To change your remote address, do this.

Press "System Info" button on the front panel of the receiver itself. It is important to do this because if you select "System Info" from the remote, your likely going to change the address of the interfering unit as well, and that will not correct your issue.

So again, press "Sys Info" on the 811 front panel. The number you see listed under Remote Address at the bottom of the screen is the current address of your remote.

To change it, Hold down the "SAT" button on your remote until you see all mode buttons blink, then type in your new desired address, for grins, select a high number, type in "11" then press the pound key "#". You will see the "SAT" button blink like 3 times to tell you it is a valid address. Then, while still in the "Sys Info" screen, press the "Record" button on the remote. This step is critical, because otherwise you will change the remote addy, but not the receivers addy, and your remote will not function until you do change the address on the receiver.

After you pressed the "Record" button, you should have seen the number listed under "Remote Address" change. Now with the remote you can exit out back to TV and you should be good. If you get interference again, try another remote address, but this should probably fix your issue.

BTW, the interfering unit does not need to be another 811. All ViP and Dish Pro receivers that use UHF Pro, operate on the same frequency range. It could be a 622, 522, 921, etc...

Hope this helps,
Jason


----------



## blkhouse (Jan 18, 2005)

Thanks, I will try that.

There are no Dish Network units in the area that could account for the problem - next Dish I have seen is over 1/4 of a mile away. I think for some reason it is a new cell phone scanning, my close neighbors are cable or Directv. The only popups I get are "Get Info" screens.

I know the remote only does UHF, but the 811 unit itself actually will pick up IR signals from another source.
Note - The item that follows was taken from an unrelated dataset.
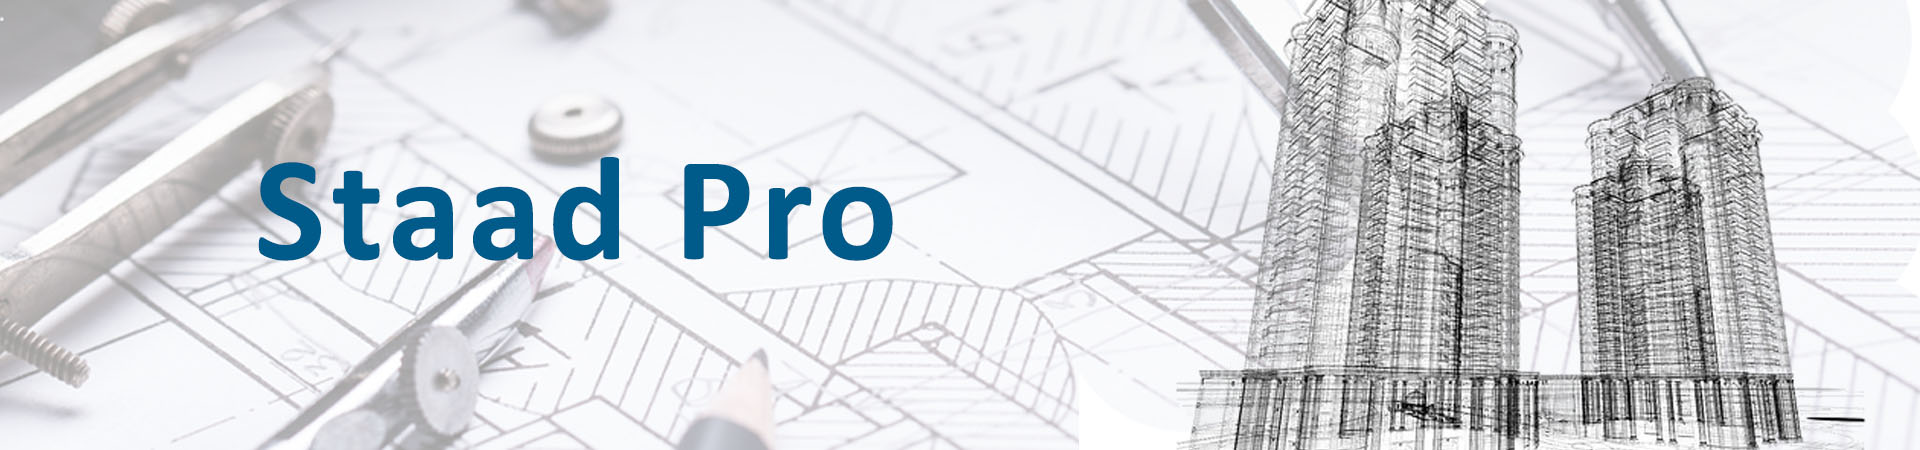 STAAD  Pro Course Training In Vadodara | STAAD Pro Course  Training institute In Vadodara | STAAD Pro Course  Class In Vadodara | STAAD Pro Course represents Structural Analysis and Design

I had to program my father-in-laws Harmony Universal IR Remote, and I tested it on my system feeling for sure the 811 part wouldn't work. I was surprised, It was slow but it worked. That is why I checked to see if any of my other IR remotes actually affected the unit.


----------



## Jason Nipp (Jun 10, 2004)

blkhouse said:


> Thanks, I will try that.
> 
> There are no Dish Network units in the area that could account for the problem - next Dish I have seen is over 1/4 of a mile away. I think for some reason it is a new cell phone scanning, my close neighbors are cable or Directv. The only pop ups I get are "Get Info" screens.
> 
> I know the remote only does UHF, but the 811 unit itself actually will pick up IR signals from another source. I had to program my father-in-laws Harmony Universal IR Remote, and I tested it on my system feeling for sure the 811 part wouldn't work. I was surprised, It was slow but it worked. That is why I checked to see if any of my other IR remotes actually affected the unit.
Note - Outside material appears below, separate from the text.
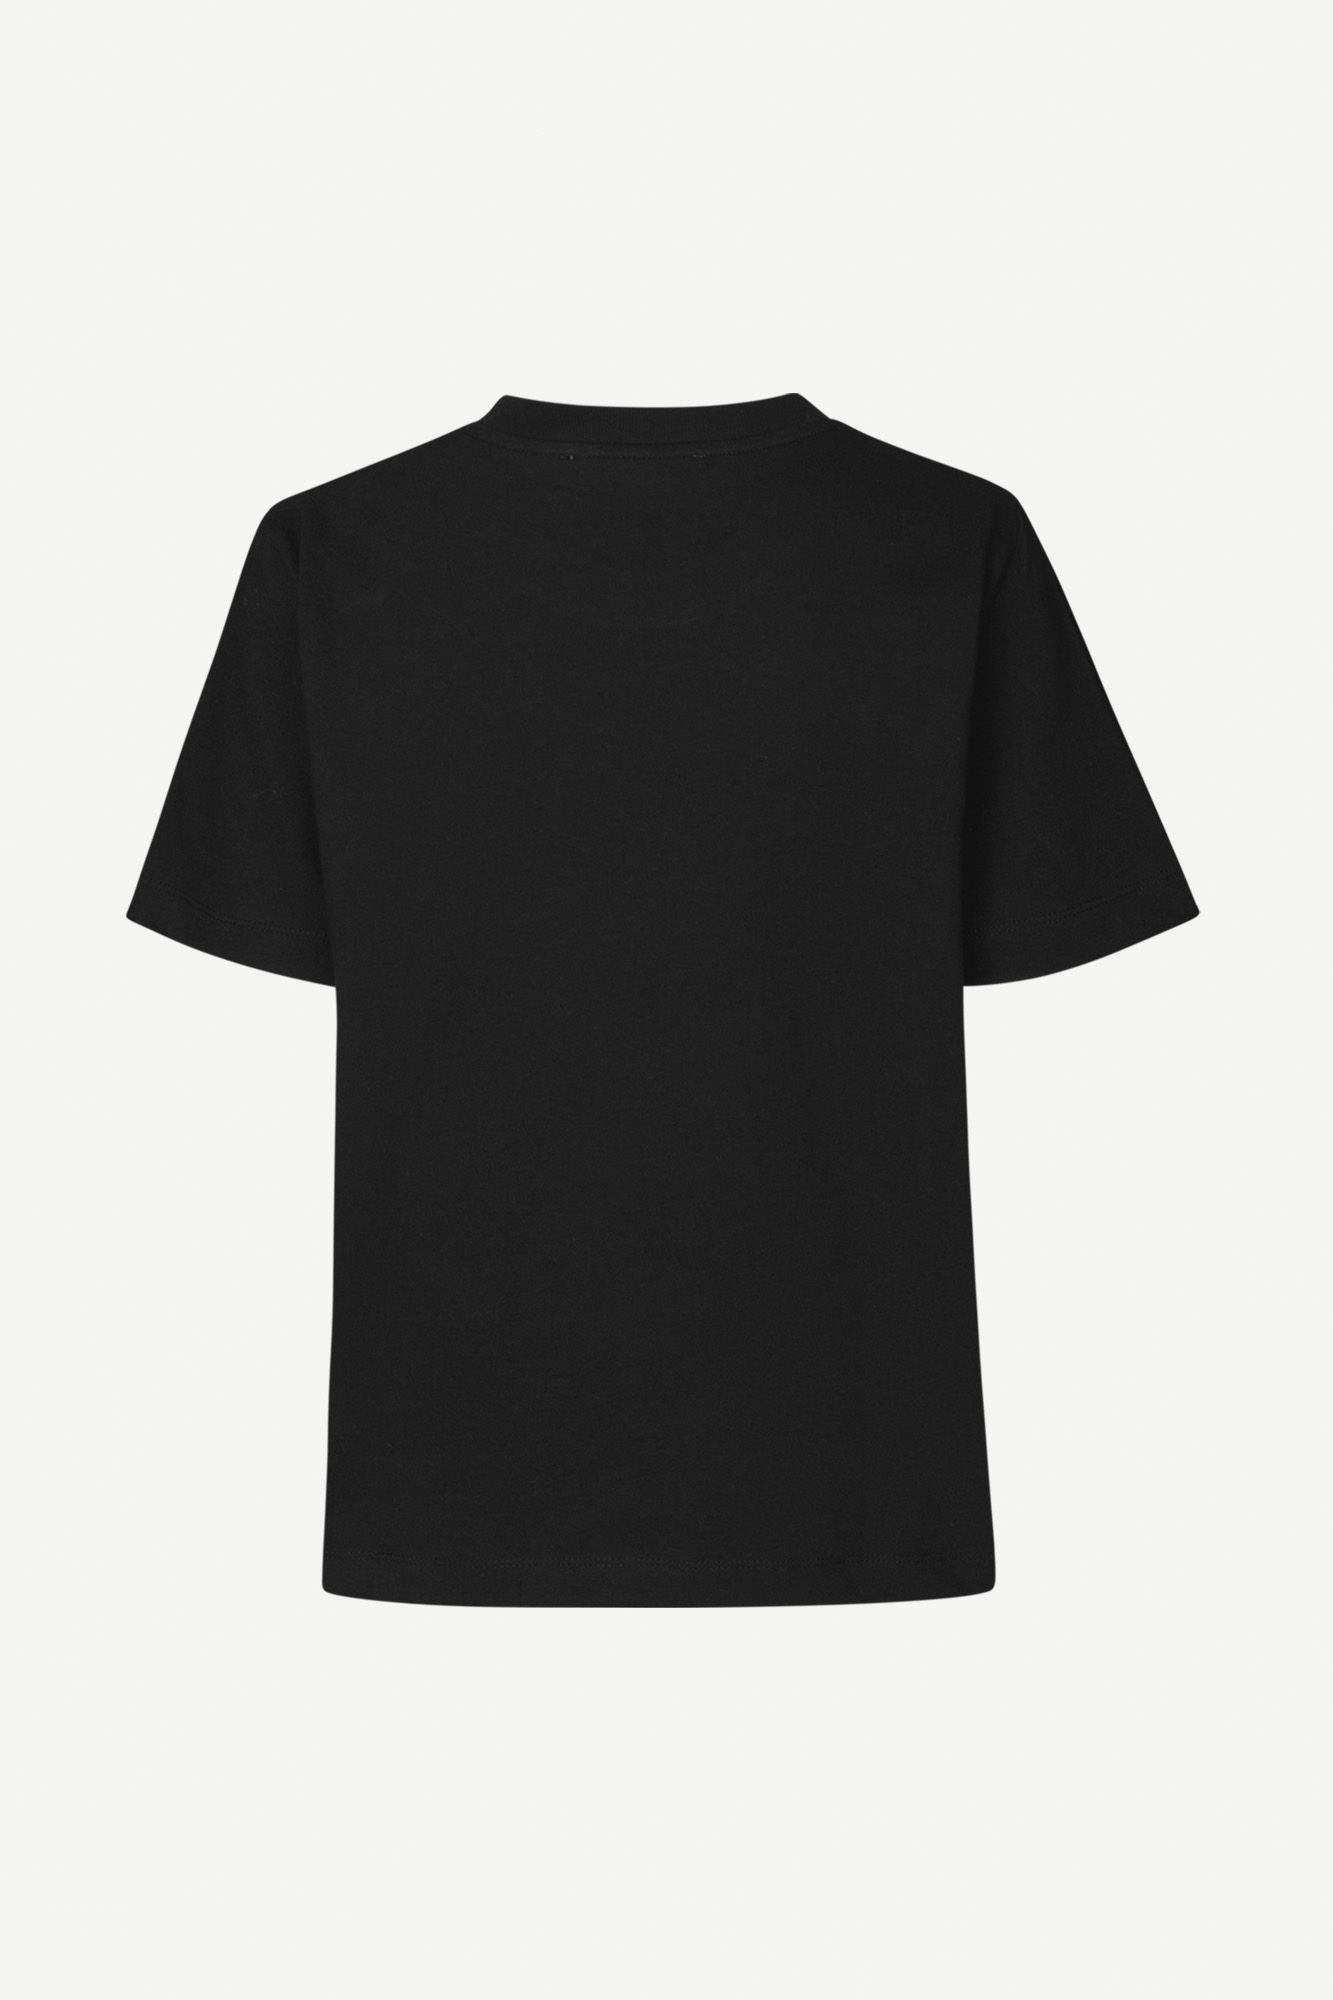 Boxy cotton t-shirt in black

OK, let me ask a question for clarification, what exactly does this pop up say?

Does it say something like: "Your Electronic Program Guide is out of date", with a Get Info, Cancel, Ignore selection screen, type of thing?

Can you take a picture of this and post it?


----------



## blkhouse (Jan 18, 2005)

Thanks for the info. I have changed it.

Whatever channel I am on it shows the "Info" button information. The program name, synopsis, etc... It is as if I pressed the button. It doesn't happen all the time, but it is weird because it is only that function. I press the cancel button and then it sometimes pops right back up. Eventually it stops.
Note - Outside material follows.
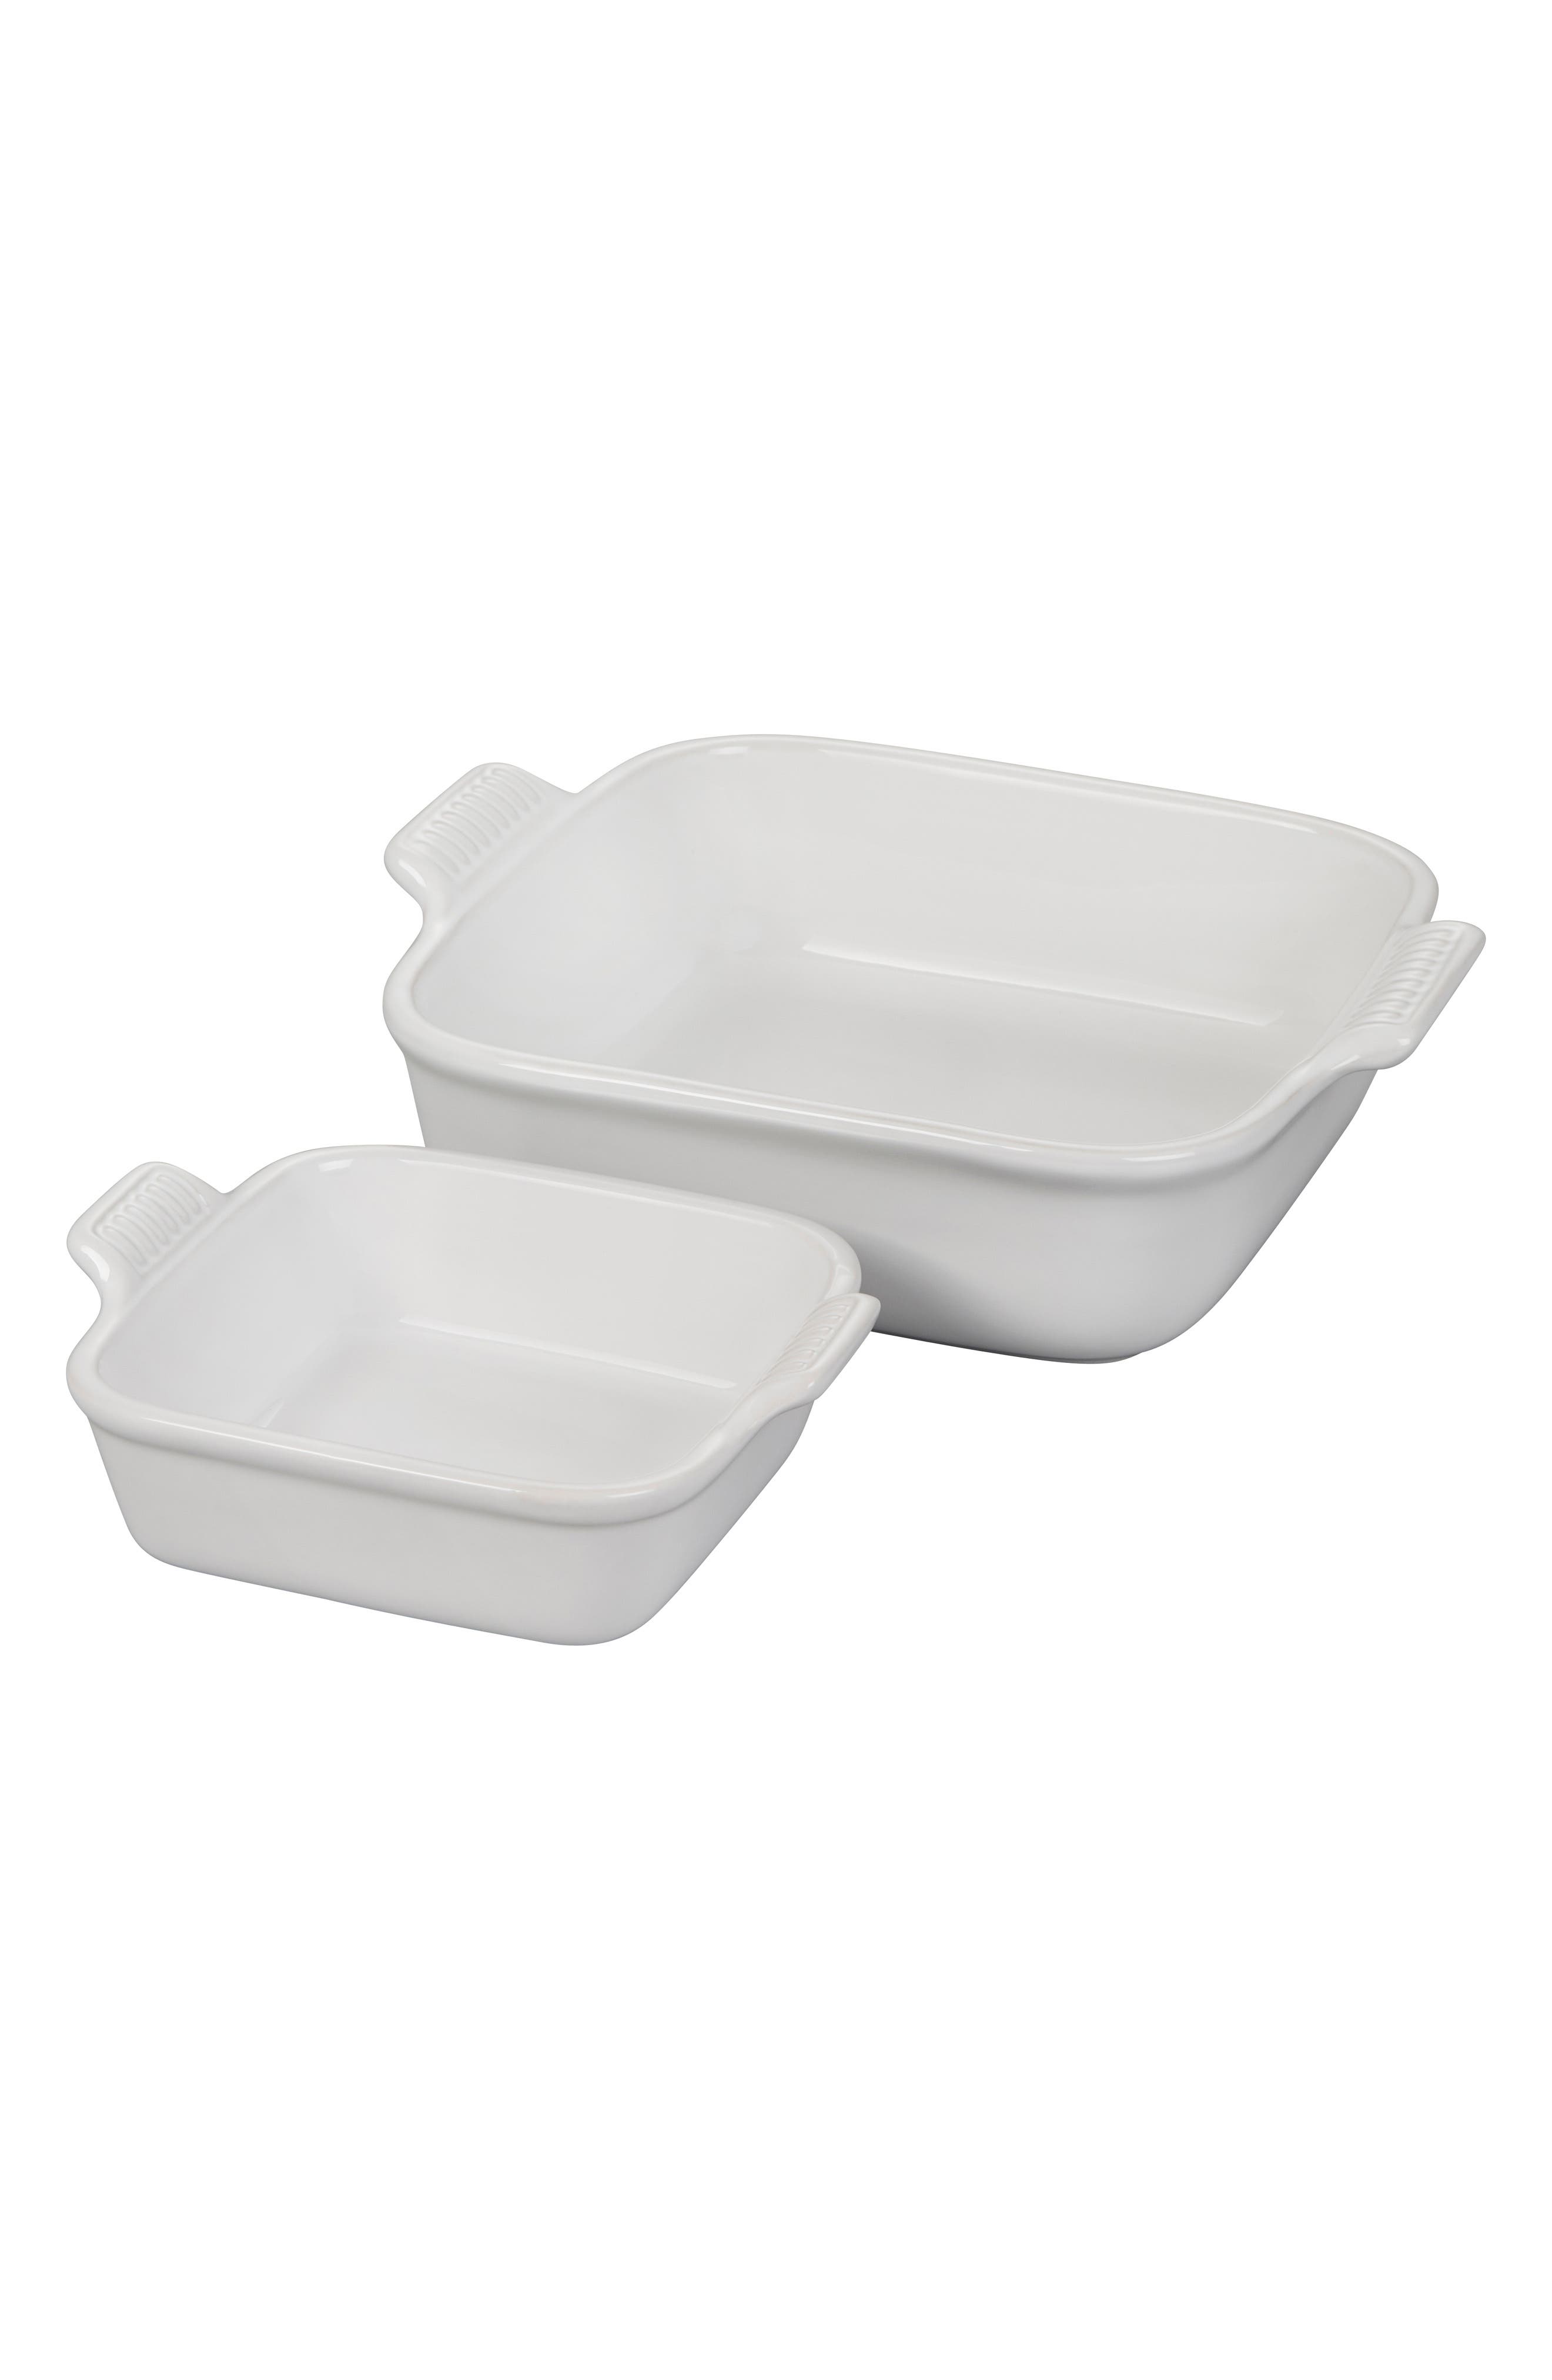 LE CREUSET NEW HERITAGE SET OF 2 SQUARE DISHES,630870289351

I fought pretty hard one time it went on (with my immediate canceling) about 10 times in fairly rapid succession then whatever it was gave up or moved on. Just weird. I hope the change helps. I can't predict when it will happen.


----------



## Jason Nipp (Jun 10, 2004)

If it doesn't work, it is possible your remote is hosed.


----------



## blkhouse (Jan 18, 2005)

I changed the remote channel, but it happened again. Changed the remote channel again and it happened again. I am beginning to think I do have some kind of interference with another remote which is malfunctioning.

Fairly certain it is the IR mode. I will have to investigate. Thanks for the tip, it has me looking in another direction.


----------